Connected Car Technology Could Allow Drivers To Command with Voice, Hand Gestures

Jan 17, 2014 01:08 PM EST | Jordan Ecarma


Picture yourself getting into your car and telling it you want pizza, then being directed to the nearest pizzeria.

That future may not be far away if carmakers keep making advances in technology on the road to connected cars. Bringing in Internet connectivity, auto manufacturers hope to make a car as much of a device as the smartphone, Quartz reported.

Vehicles may soon be able to download apps, stream music, give directions and keep motorists connected to the Internet. The connected car market will be valued at $54 billion by 2018, according to Quartz.

How will car manufacturers make connected driving a safe experience? Connected driving will likely become hands-free through a mix of such new technologies as screens that follow eye movement; systems that respond to the driver's voice; and cameras that obey hand gestures.

"The experience you're going to get is safer than using a smartphone," Joe Mosele of AT&T's "emerging devices" division told Quartz.

Swedish company Tobii makes eye-tracking software that uses sensors to follow eye movement and respond. Users can look up and down to scroll and stare at something directly to select.

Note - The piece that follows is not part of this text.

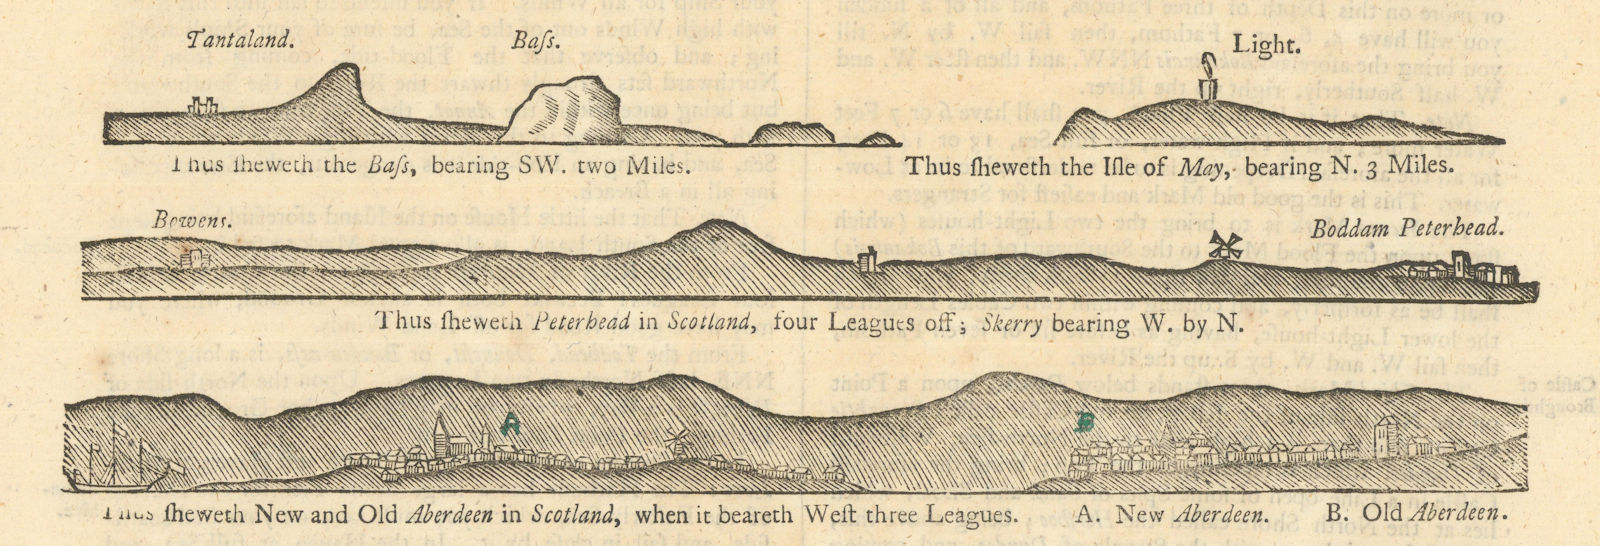 Scotland east coast profile Tantallon Peterhead Aberdeen. MOUNT & PAGE 1758 map

Quartz said the technology gave "an immensely empowering feeling to be able to control something by doing nothing more than looking at it."

Drivers may soon be telling their cars what they need just as they would converse with another passenger, according to Shai Leib, creator of Siri-like app Ask Ziggy. Go back to picturing yourself asking your car for pizza.

"Once we understand what you said, we semantically understand what you need, so we would tell the user we found several restaurants," Leib described as quoted by Quartz. "The first one is 0.7 miles away. Would you like me to navigate to it? And the person would say yes go ahead. And then the system would start the map."

Connected cars could also be directed with the wave of a hand. Michel Tombroff of the Belgium-based company SoftKinetic believes that 3-D cameras will follow a driver's movements for commands.